In another study, Kassin found that about 80 percent of innocent people will waive their Miranda rights, especially people who have never been in trouble before, but only 36 percent of guilty suspects will be persuaded to give up their protection. Police have developed techniques for eliciting waivers that try to make suspects see the police as their ally who cannot help until the formality of Miranda rights is removed. What was shocking, Kassin said, was that in the experiment 67 percent of innocent suspects surrendered their rights in the face of clearly hostile interrogations. "They believed in the power of their innocence to set then free. They believed they could make others see their inner states if they were given long enough."
In an experiment where two-thirds of suspects were expected to be guilty, Kassin found that investigators showed more aggressive presumption of guilt. All participants in the experiment, the interrogators, the suspects and third-party observers agreed that in cases where the suspect was indeed innocent, interrogators exhibited the highest expectation of guilt and exerted the most extreme pressure to get a confession. "Innocence is a risk factor," Kassin said.
In still another experiment Kassin tested police confidence in the confessions they elicited. College students and police detectives were shown real and false confessions and asked to discriminate. College students had a higher degree of accuracy but less confidence in their judgment. "Police investigators are prone to see deception," Kassin said. "But their bias is not to deception, but guilt." Interrogation training increased the level of the response bias, he added.

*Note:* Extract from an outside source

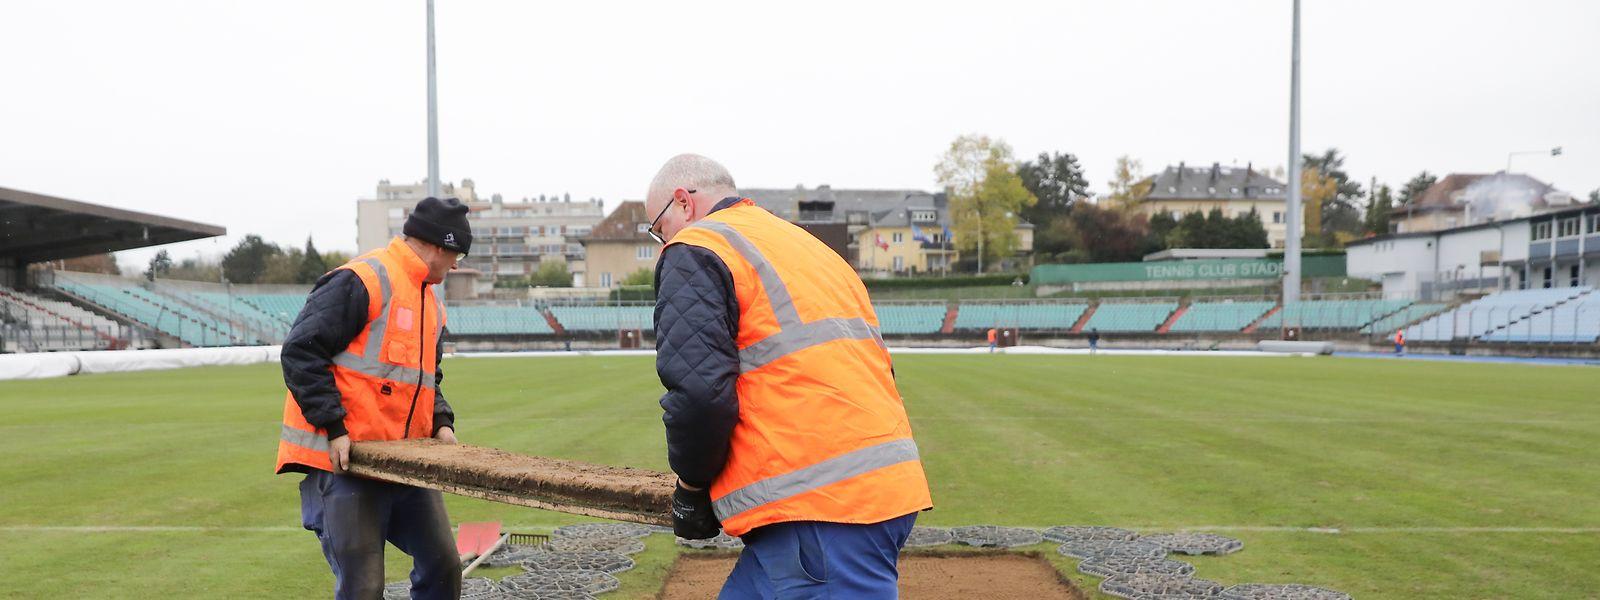 Le délégué de l'UEFA ne transige pas. C'est une réfection complète de la pelouse du stade Josy Barthel qu'il a imposée.
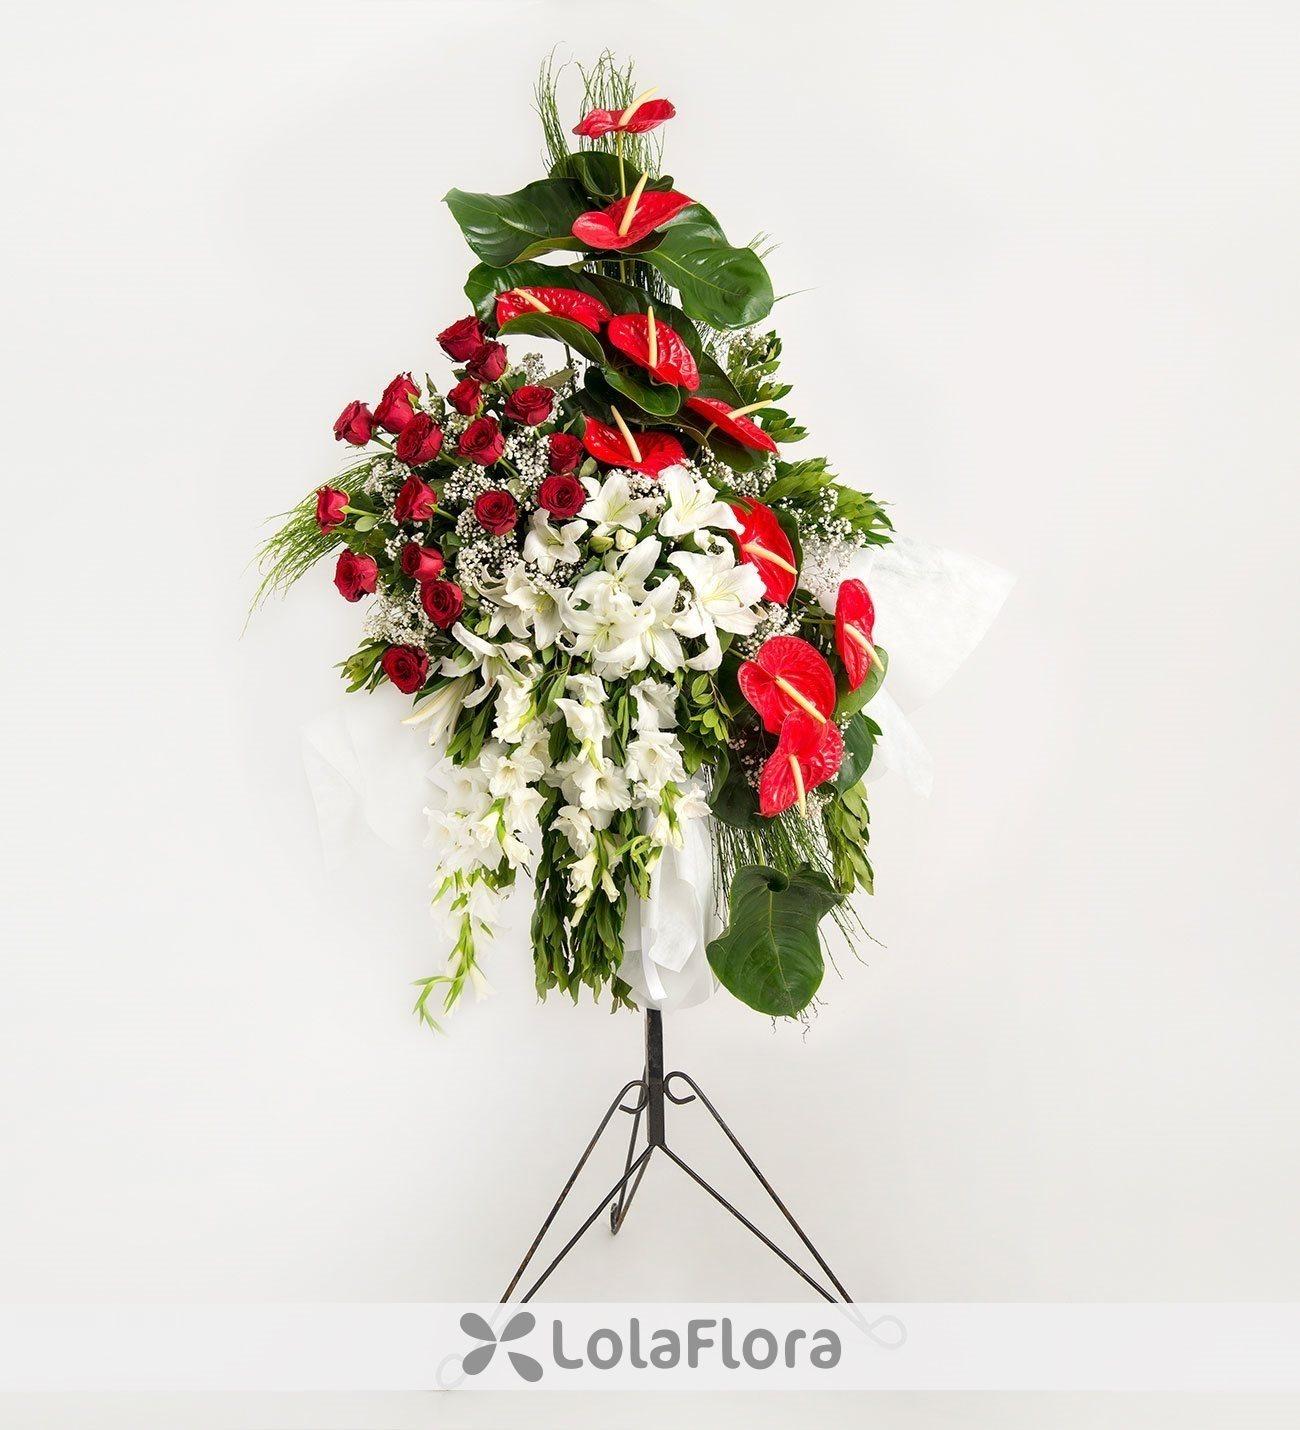 Anthurium Arrangement Mixed Flower Bouquet Lolaflora

Asked if his studies suggest that one should invoke one's Miranda rights anytime one is interviewed by police, Kassin said, "I would invoke my rights right from the start. When you think you've shifted from being a witness to being a suspect, you should invoke immediately. Police aren't trusting either the 20 percent who don't waive their rights or the 80 percent who do."
In many cases of bad confessions, he said, there is no other evidence for police to proceed on. They therefore apply very great pressure on suspects for confessions.
The Law and Cognitive Psychology Lecture Series will next present Shari Seidman Diamond, Howard J. Trienens Professor of Law and Professor of Psychology at Northwestern University Law School. Professor Diamond will speak at the Law School on Feb. 27, 2003, on jury room conversation. The series is co-chaired by professor John Monahan of the Law School and U.Va. associate professor of psychology Bobbie Spellman. Professor Kassin's visit was made possible by the Law School's Intellectual Enrichment Fund.